▶ PROVIDED INFORMATION:
+-------+

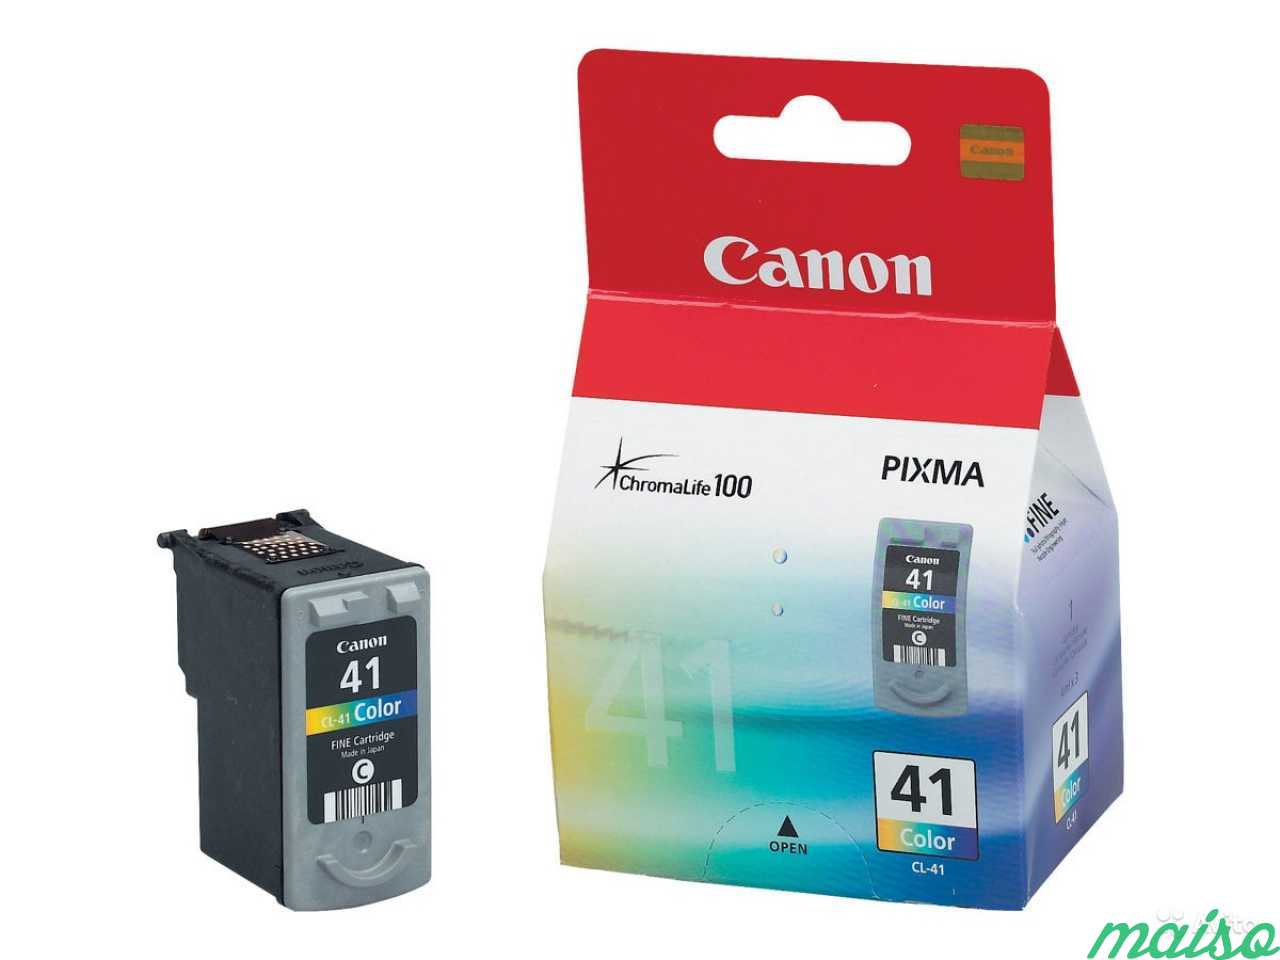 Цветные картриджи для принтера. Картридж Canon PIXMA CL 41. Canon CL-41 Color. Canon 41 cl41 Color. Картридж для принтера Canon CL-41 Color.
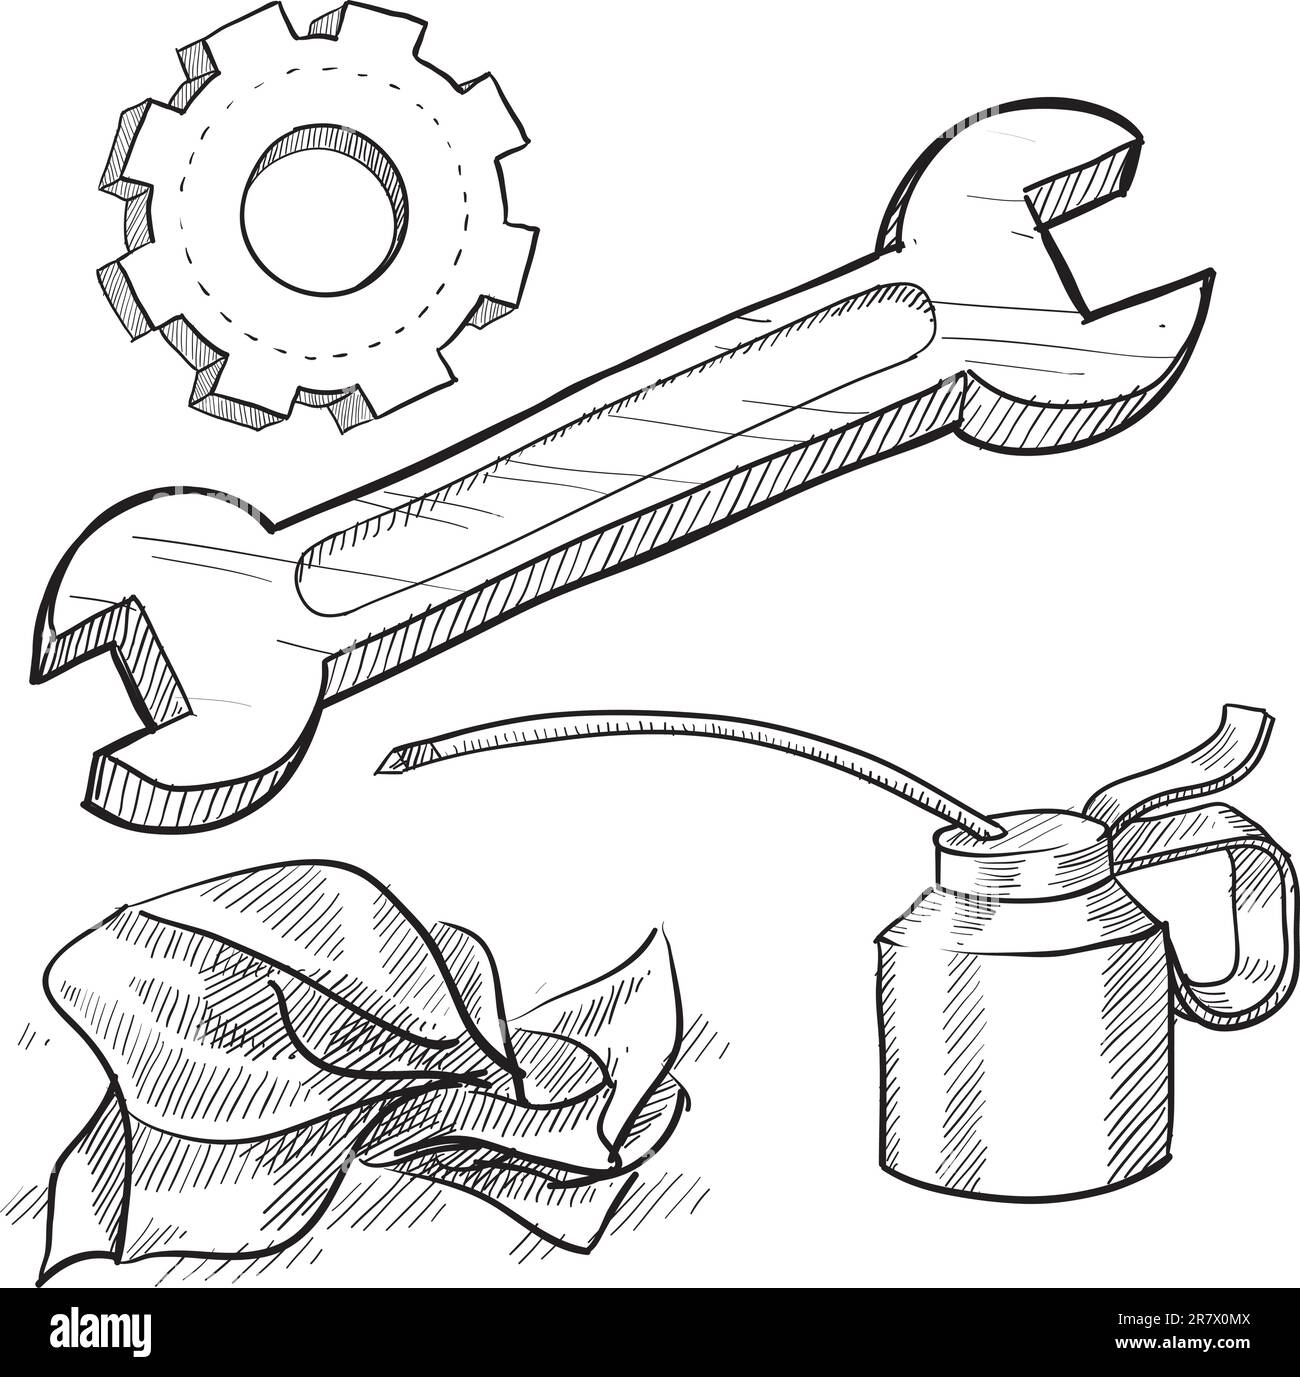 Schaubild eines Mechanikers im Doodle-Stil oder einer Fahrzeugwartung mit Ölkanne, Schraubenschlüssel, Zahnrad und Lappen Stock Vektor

+-------+

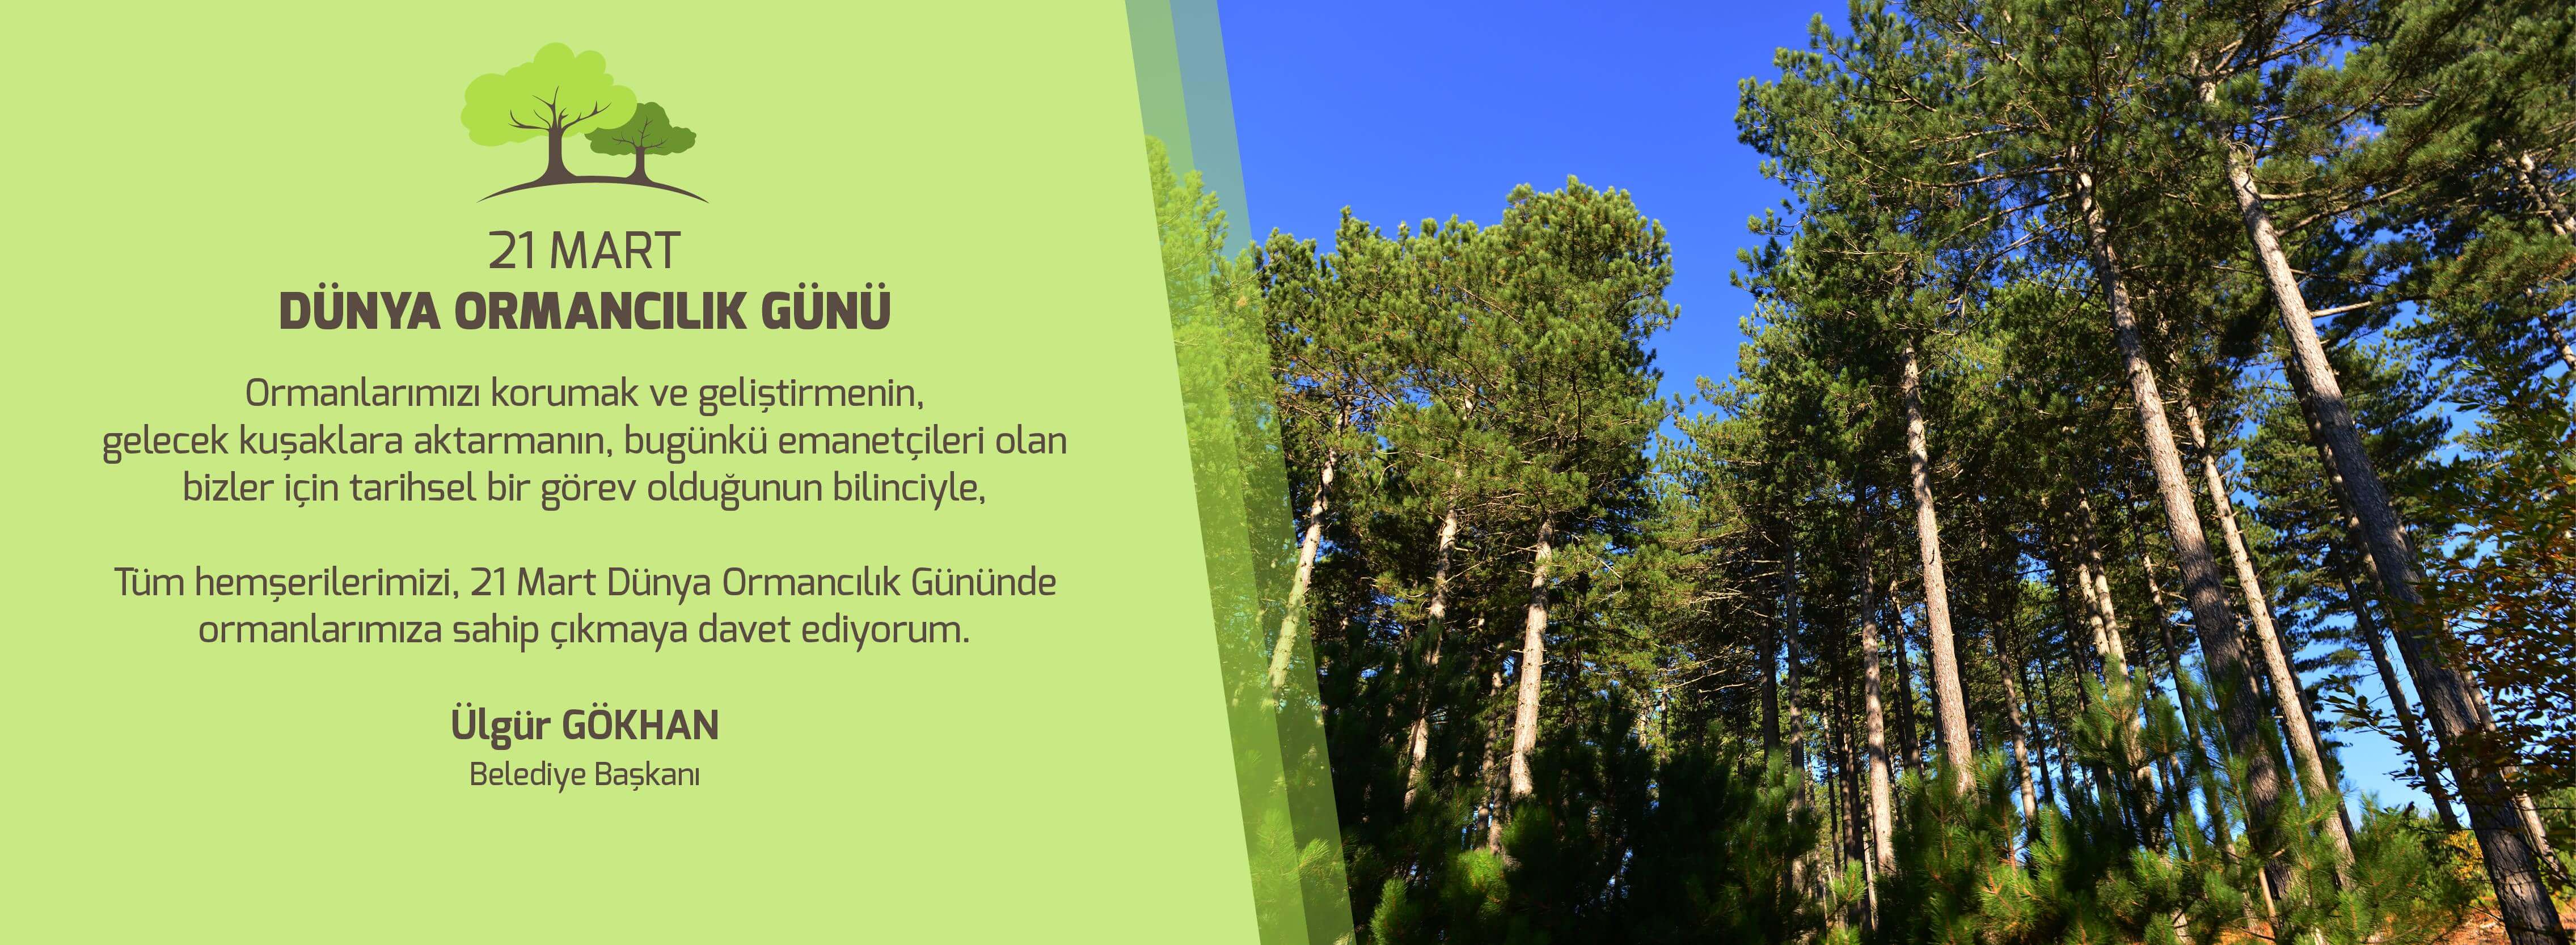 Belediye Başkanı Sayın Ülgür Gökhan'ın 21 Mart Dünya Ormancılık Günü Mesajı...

+-------+

▶ TASK DESCRIPTION: Reproduce the data above exactly, but only from the line containing "Цветные картриджи для" through the line containing "Schaubild eines Mechanikers"; skip the pictures.

▶ ANSWER BOX:
 Цветные картриджи для принтера. Картридж Canon PIXMA CL 41. Canon CL-41 Color. Canon 41 cl41 Color. Картридж для принтера Canon CL-41 Color.
 Schaubild eines Mechanikers im Doodle-Stil oder einer Fahrzeugwartung mit Ölkanne, Schraubenschlüssel, Zahnrad und Lappen Stock Vektor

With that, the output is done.